知事:「いや、だから来たやつはキチンと検討して、僕メール返信してますよ」

職員:「結局こうやって若い人だけ朝礼集めたりとか、職場のなかの団結分断して、労働者同士分断して、大阪府職員と府民を分断してるばっかりじゃないですか!」(僕の注:実際には府庁の労働者と大阪の労働者を分断と言っている)

知事:「若い人たちだけじゃないですよ!役職で課長補佐までずっと(朝礼を)やっていきますよ」

職員:「いまだって職場にいっぱい問題ありますよ。でもその問題解決できるのは、ちゃんと職場を分かっている現場の労働者だけなんですよ。私らがちゃんと議論して職場で解決していく問題じゃないですか!そういう議論は職場でやっていこうと思います!」

知事:「うん、だから、僕に対しても言って下さいよ」

職員:「あなたのすることは逆のことばっかりや!」


 知事は「非常にありがたい意見」と受け流したが、職員はテレビ各局のインタビュー取材に対して「現場のこと何も知らない」などと知事を批判し続けた。


 さて、いかがでしょう。 ^^;)


■■職責への敬意


 ちなみに僕が言いたいことは、この知事と職員の間でなされている議論の内容そのものについてではない。
 僕は府政の現場のことなど知らないし、この朝礼で前後の話を聞いていたわけでもなく、事情は何も知らない。
 この議論そのものについてもよく意味がわからないし、どちらの肩を持とうというつもりもなければ、どちらの主張がより正当かと判断することもできない。

 そうでなくて僕が言いたいのは、
 府知事に対する職員のものの言いようということ。

 それは、何も封建的な上意下達だとか、上司に対する盲従を勧めるようなことではもちろんない。

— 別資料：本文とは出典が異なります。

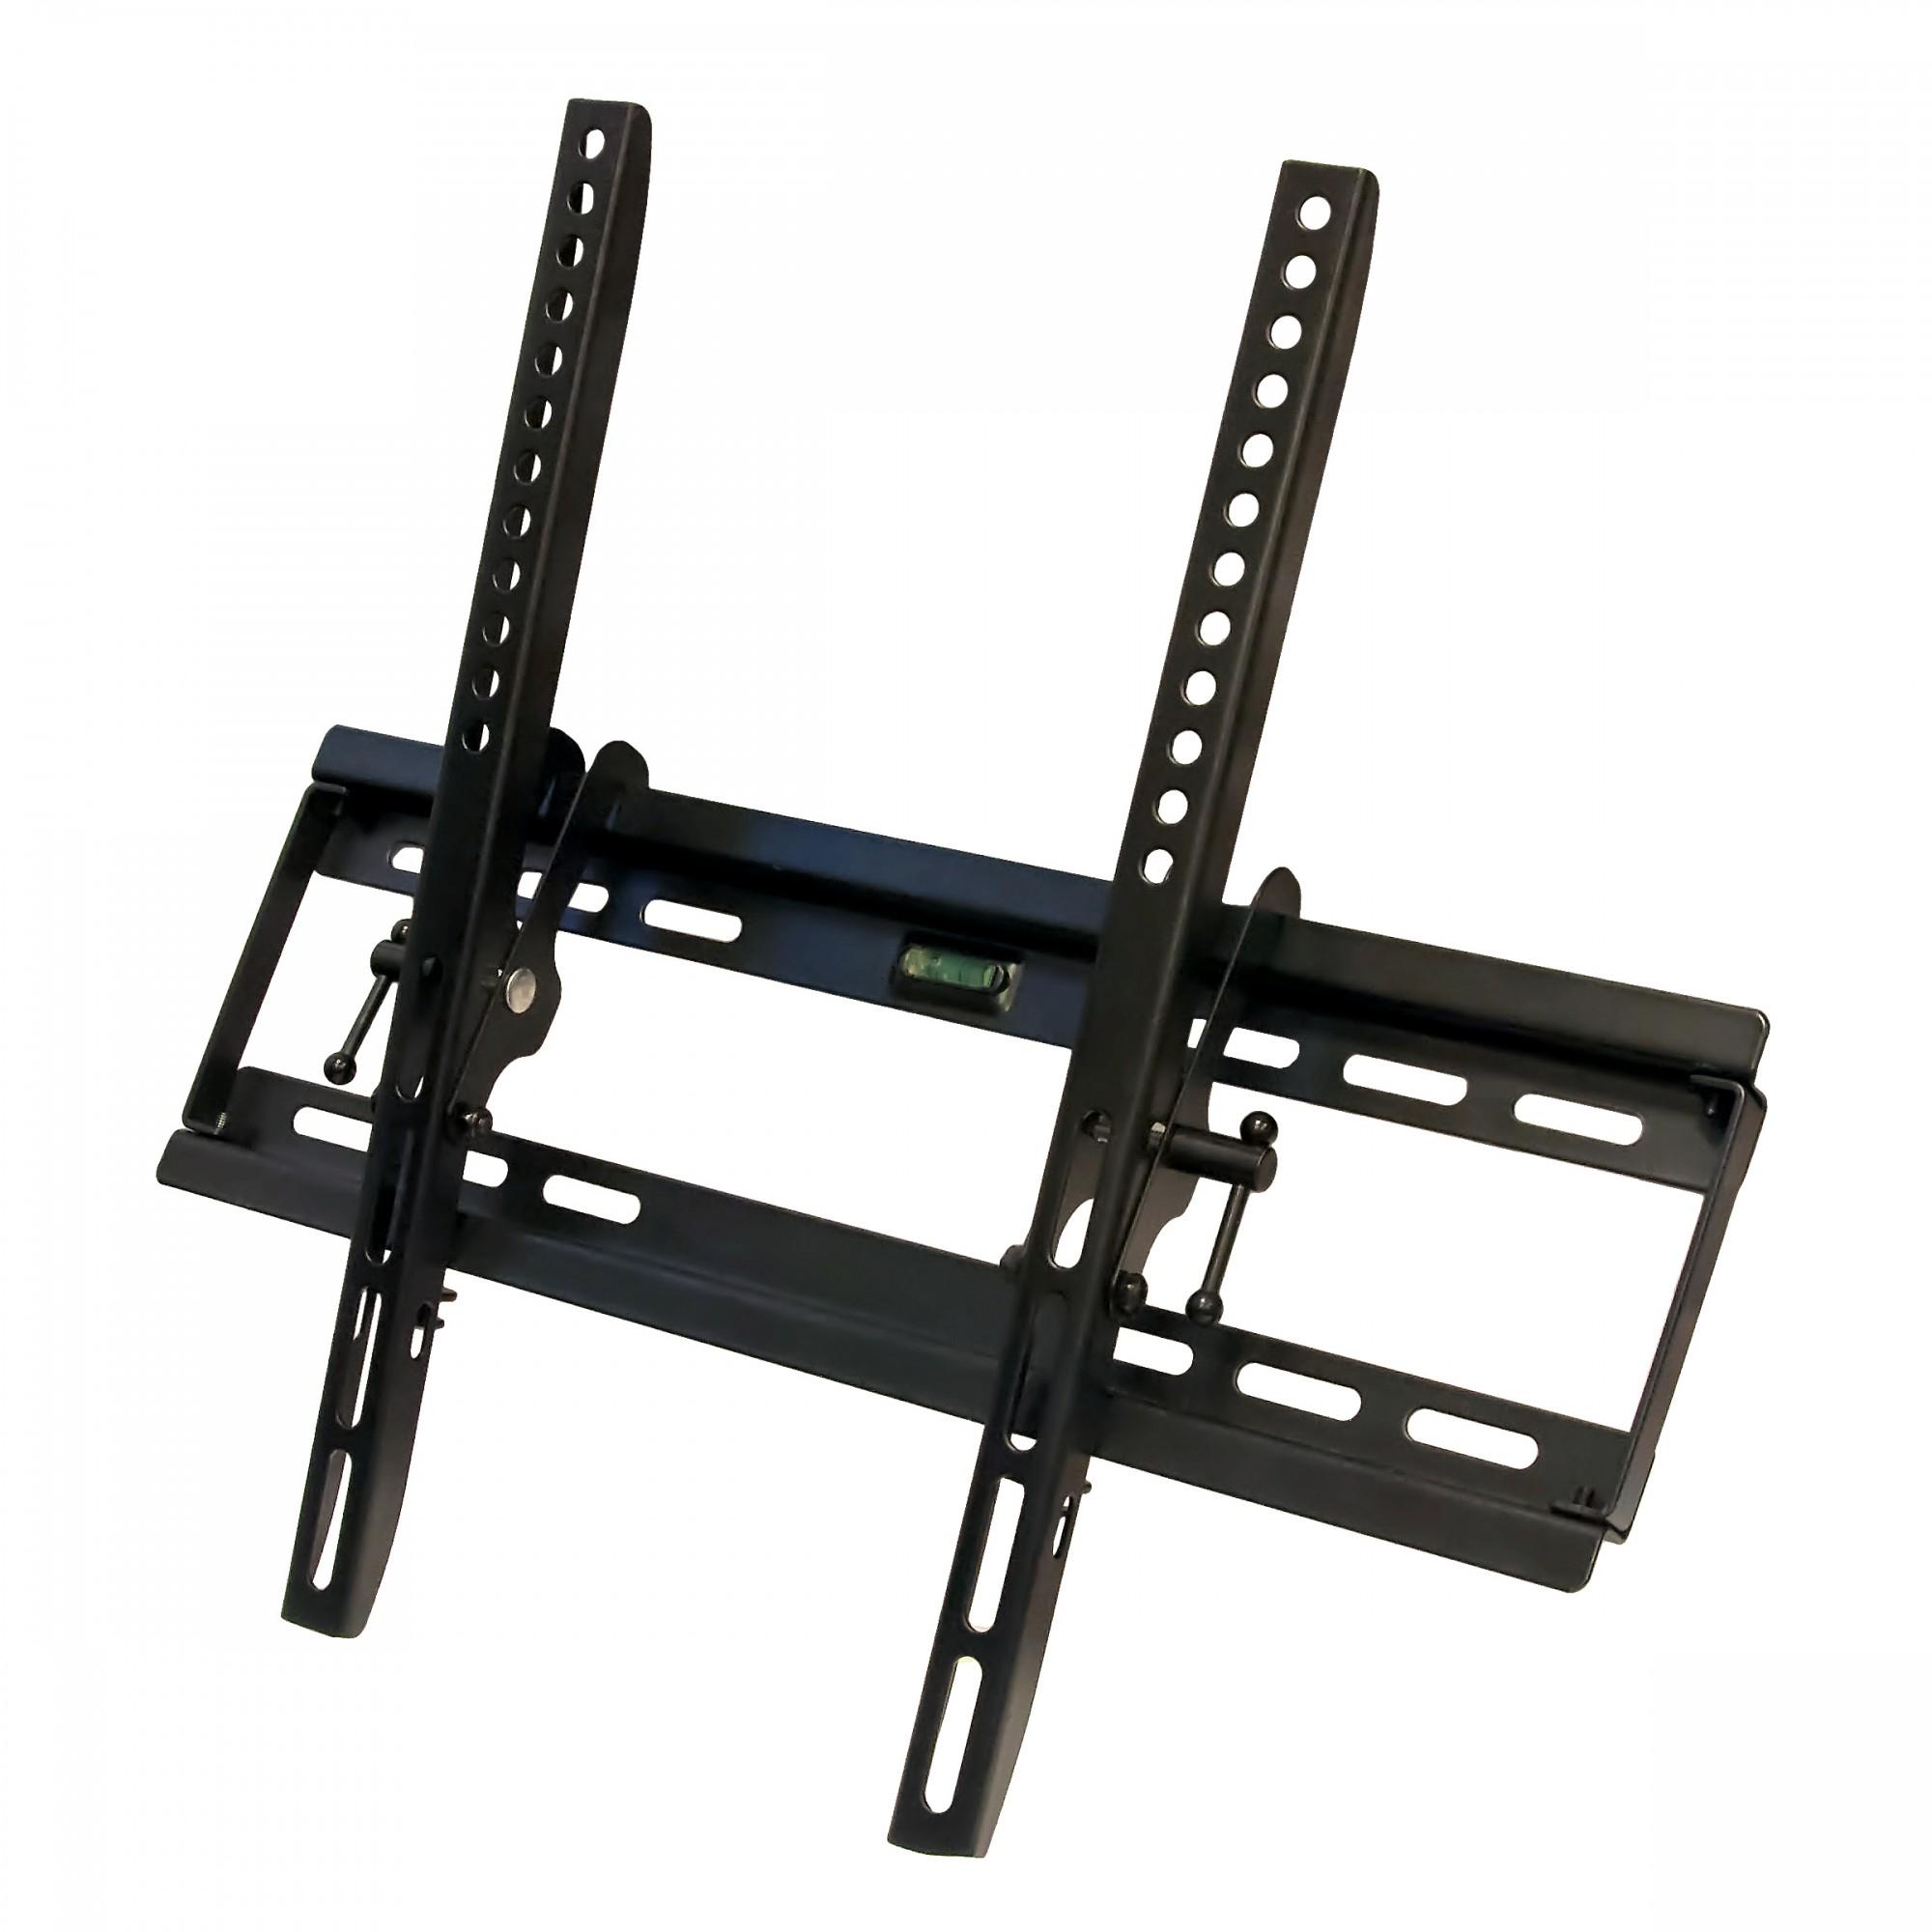 nemaxx 23 42 wandhalterung wandhalter sk3 f r led plasma tv fernseher monitor ebay. Black Bedroom Furniture Sets. Home Design Ideas
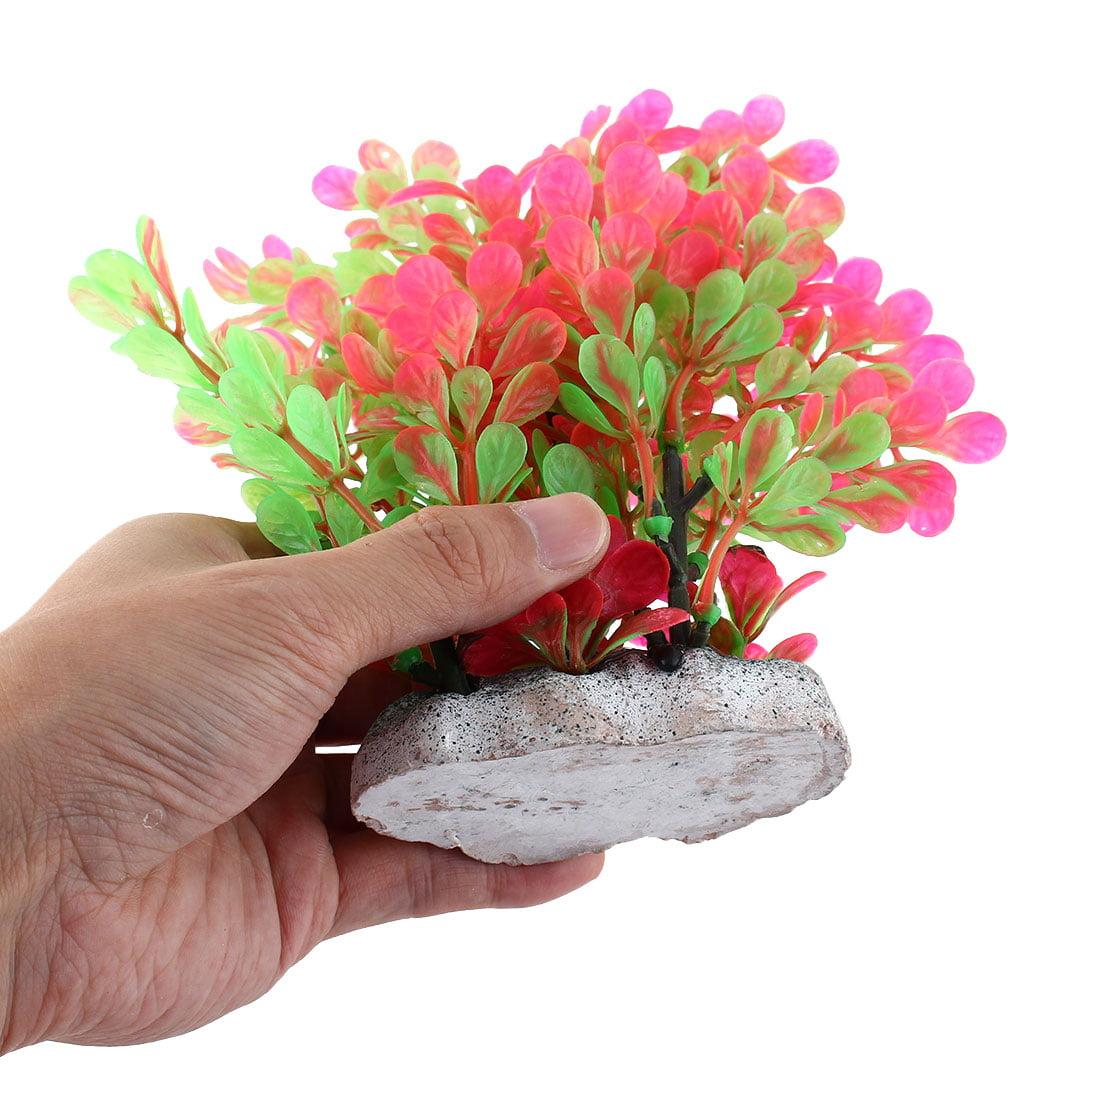 Aquarium Artificial Plant Adornment Landscape Manmade Water Ornament Green Pink - image 2 de 3

 ちなみに府民からの(当該職員に対する)抗議メールには、

 「知事にかみついた職員は世間をなめている。小さい会社なら社長にあんな偉そうな口を開いたらそれだけで首になりそうなのに。世間はもっと厳しいことを知ってほしい」

 「トップにあたる人に対しての言葉遣いが失礼」(いずれもMSN産経ニュース記事より)

 といった内容のものが多かったようだが、クビにされるから云々ということは別としても ^^;)、こうした感覚が本来は、理屈ではなく世間の巷の良識的な感覚ではないかと思う。

 知事と意見、見解を異にすることもあるだろう。
 社長の指示が常に正しいとは限らない。諫言は部下の務めだ。
 総理総裁に盲従する必要はない。
 大統領であれ批判すべきは批判しなければならない。

 だが、人間が社会を構成し組織を構成している中で、それぞれの職責に対する敬意というものは払われなければならない。
 それは個人に対するものではなく、その職務に対する敬意である。

 今日の日本社会には、「平等」ということを多分に履き違えて、あらゆる立場を引きずり下ろそうという空気がかなり色濃く漂っている。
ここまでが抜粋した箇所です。